Орфей: Хватит! Эта непристойная демонстрация служит только отвлечению внимания от насущных проблем, связанных с материальными условиями и классовой борьбой. Здесь нет божественного откровения; лишь грубая попытка привлечь внимание, отвлекающая от подлинного дискурса, необходимого для общественного прогресса. Не будем больше тратить время на такие развлечения!

Но они не слышали его. Кирос и Майрон, увлеченные оценкой морального потенциала отвратительной скульптуры, вступают в оживленную дискуссию о вере и морали.

Кирос: Возможно, этот гротескный идол каким-то образом может служить нетрадиционным маяком справедливости и сострадания. Если мы можем помочь другим обрести добродетель через почитание этого творения, не следует ли игнорировать его поистине отталкивающую природу ради большего блага?

Майрон: Действительно, Кирос! Принимая этот противоречивый символ – одновременно мерзкий и божественный – мы бросаем вызов общепринятому мнению и вдохновляем на более глубокое понимание. Его необъяснимое очарование может привести нас к синтезу нашей врожденной разумитской слабости и трансцендентного стремления к всеобъемлющему знанию.

Орфей слушает их дебаты с растущим разочарованием, горячо отстаивая свою материалистическую точку зрения на пагубное влияние религии на общество.

Орфей: Ваши аргументы ошибочны! Религия исторически использовалась для угнетения разумитов, предлагая им утешение от их земных страданий и одновременно отвлекая их внимание от существенных системных изменений. Ужасное зрелище перед нами не должно стать еще одним инструментом манипуляции. Вместо этого мы должны сосредоточиться на реальных мерах, которые могут привести к общественным преобразованиям!

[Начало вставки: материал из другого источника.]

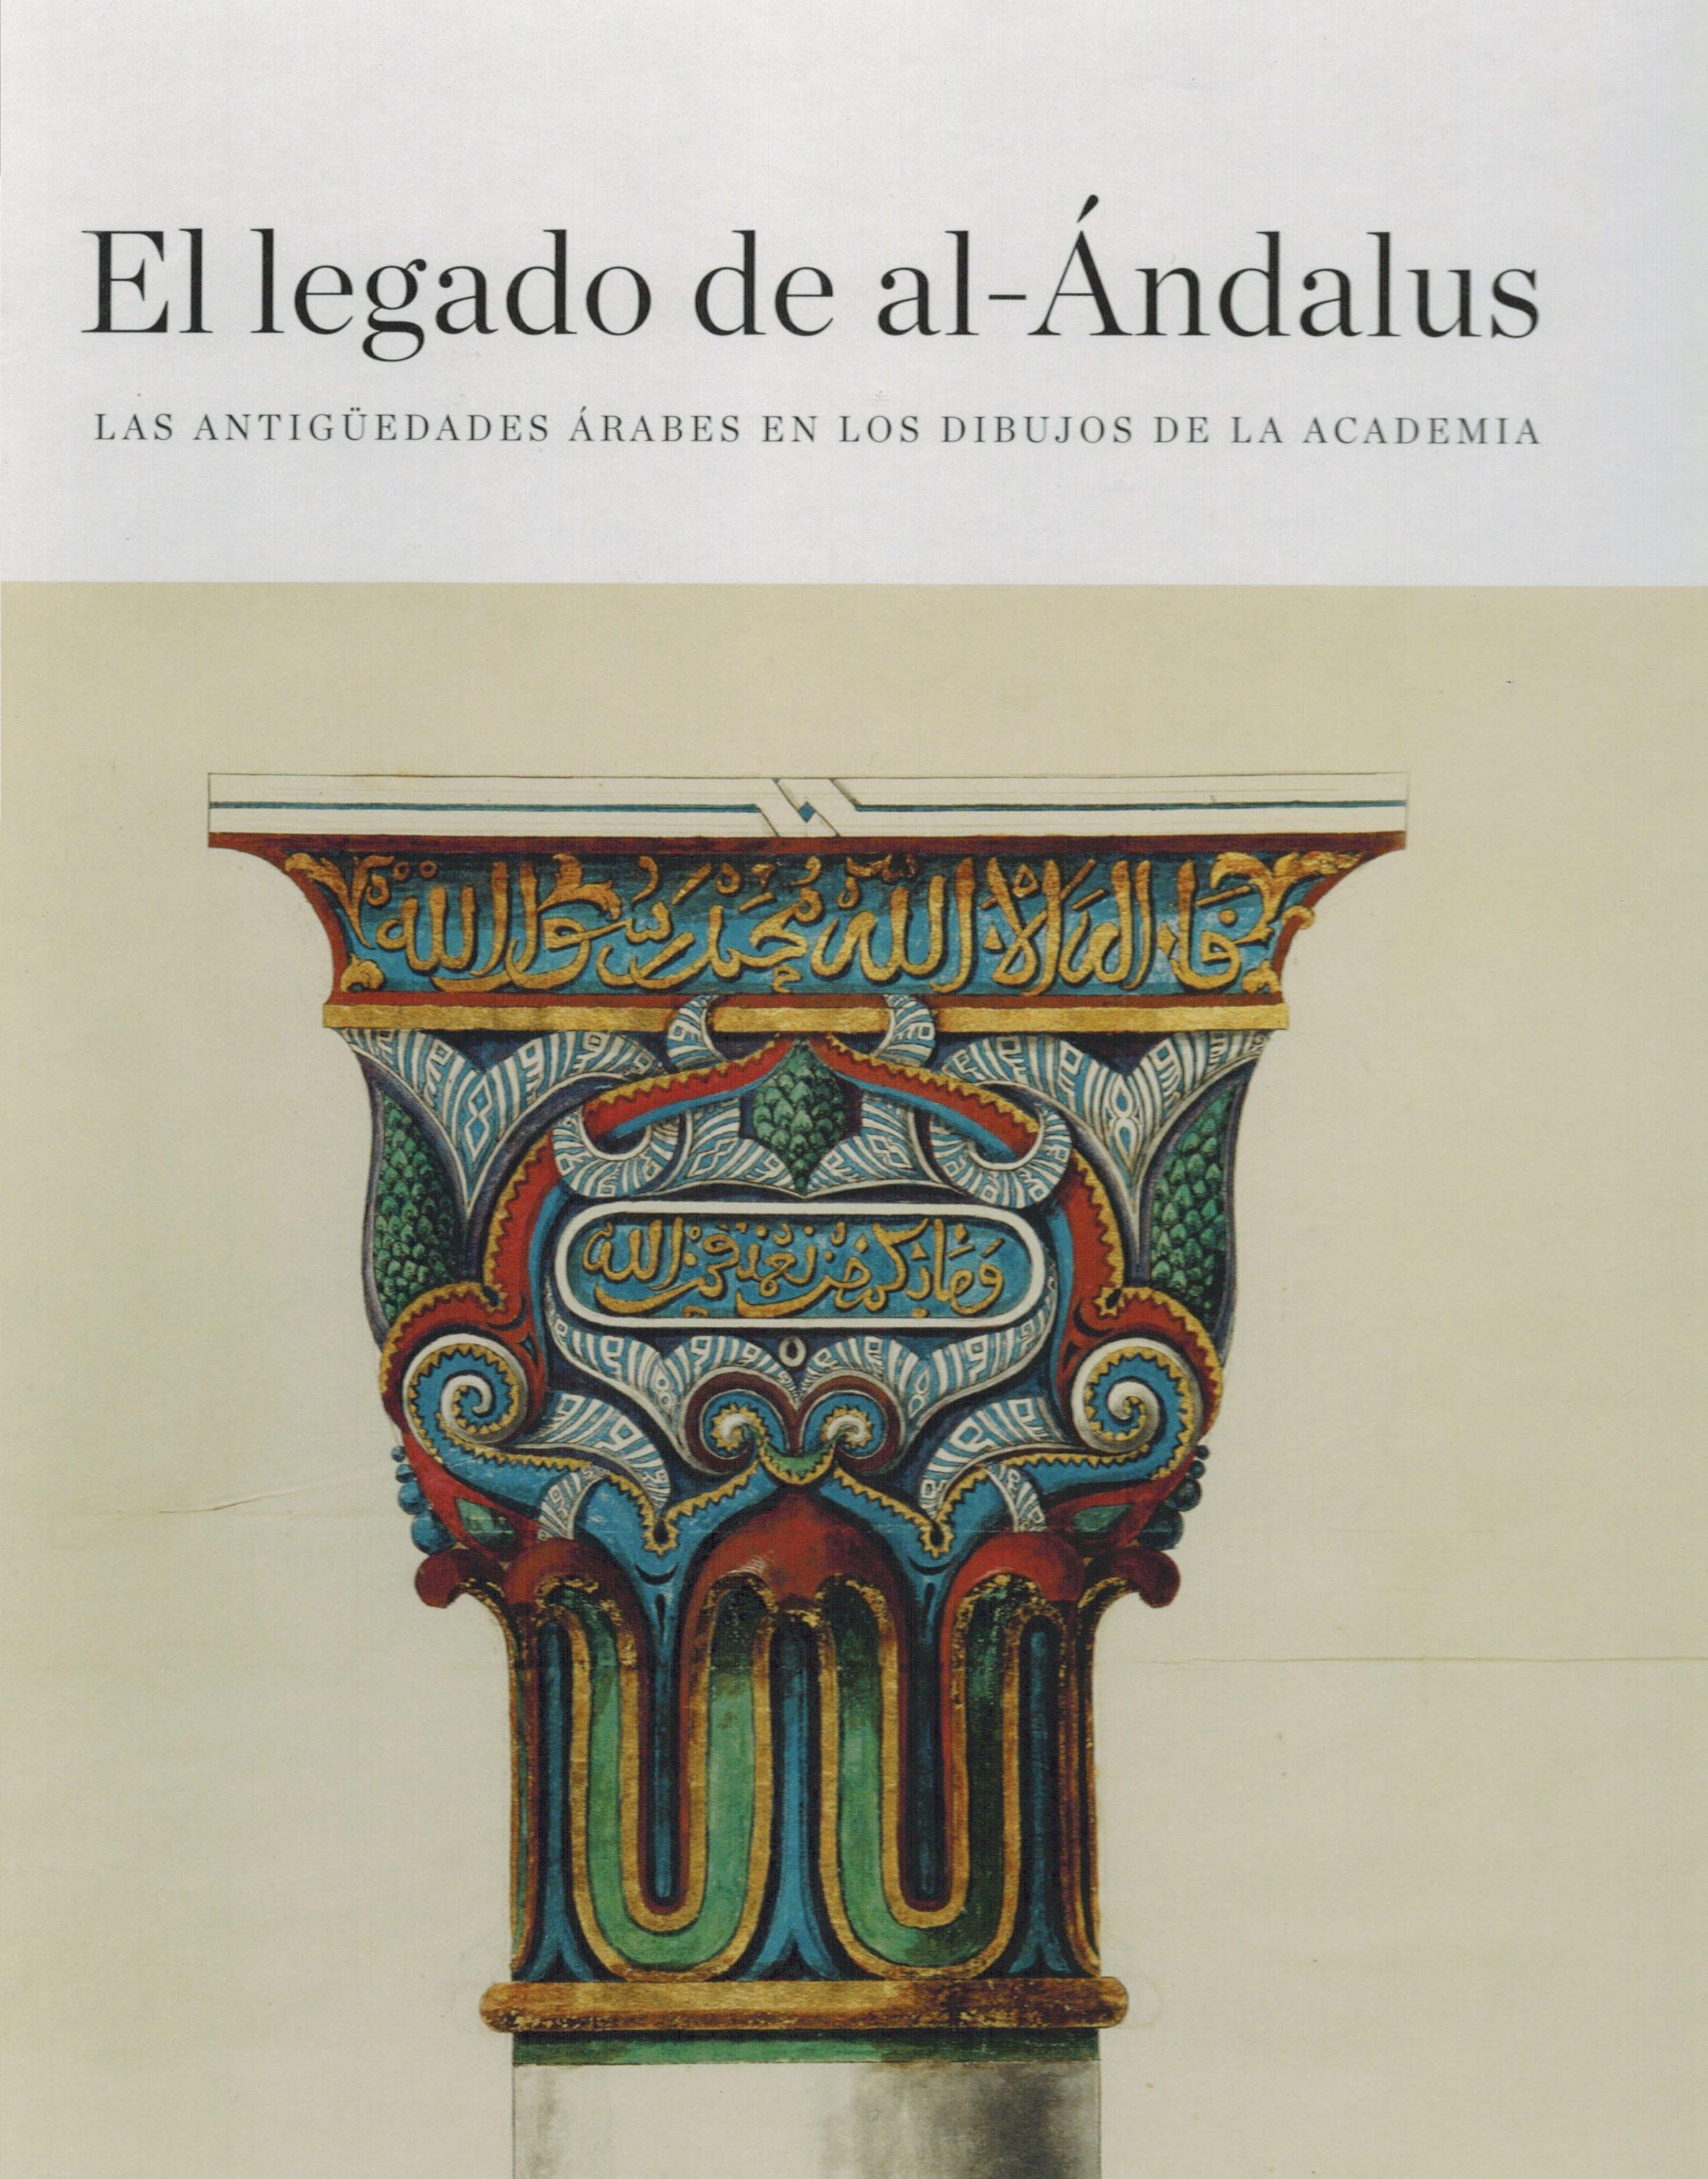 el legado de alandalus las antigedades arabes en los dibujos de la academia
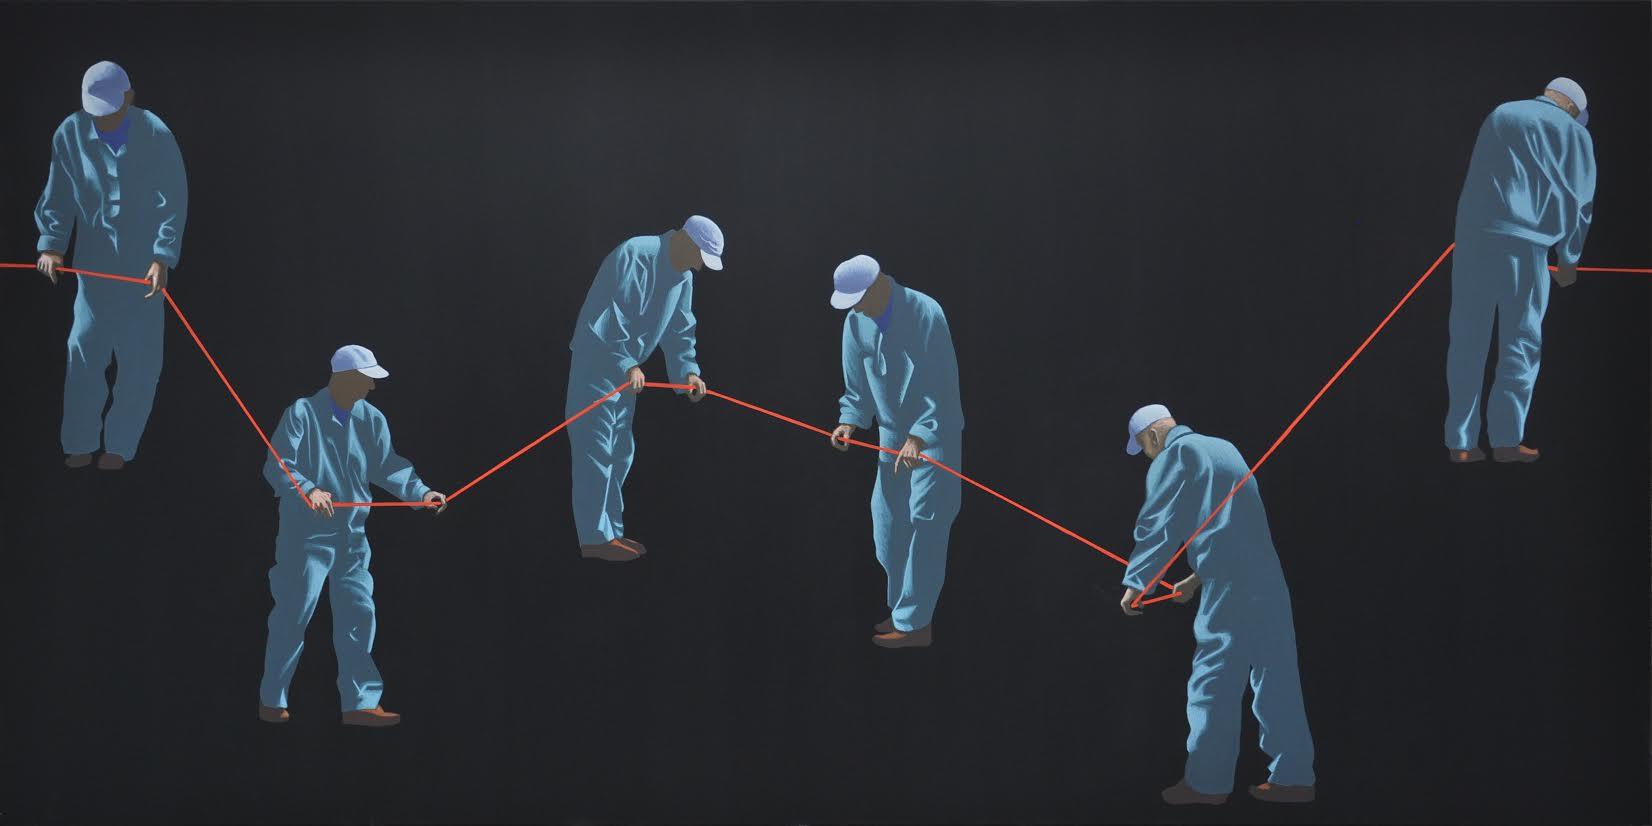 """Dariusz Milczarek, """"W poszukiwaniu najprostszego rozwiązania"""", 2014, 90x180 cm, tempera żółtkowa na płótnie (źródło: materiały prasowe)"""

Между философами возникает напряженность, поскольку они страстно защищают свои противоположные точки зрения, пытаясь разобраться в спорных действиях. Кирос, пытаясь доказать, что мудрость и самопознание можно найти даже в самых отвратительных поступках, неохотно начинает мазать себя отвратительной смесью из кала.

Кирос: Погружаясь в эту отвратительную субстанцию, я надеюсь развить повышенное осознание собственных пределов и границ. Только преодолевая наши отвращения, мы можем продолжать путь к просветлению.

Майрон наблюдает за тревожным поступком Кироса со смесью шока и нездорового любопытства.

Майрон: Хотя твои действия озадачивают меня, Кирос, они также открывают новые возможности для философских рассуждений. Визуализируя свое смелое принятие деградации как еще один шаг диалектического процесса, становится легче понять это тревожное зрелище.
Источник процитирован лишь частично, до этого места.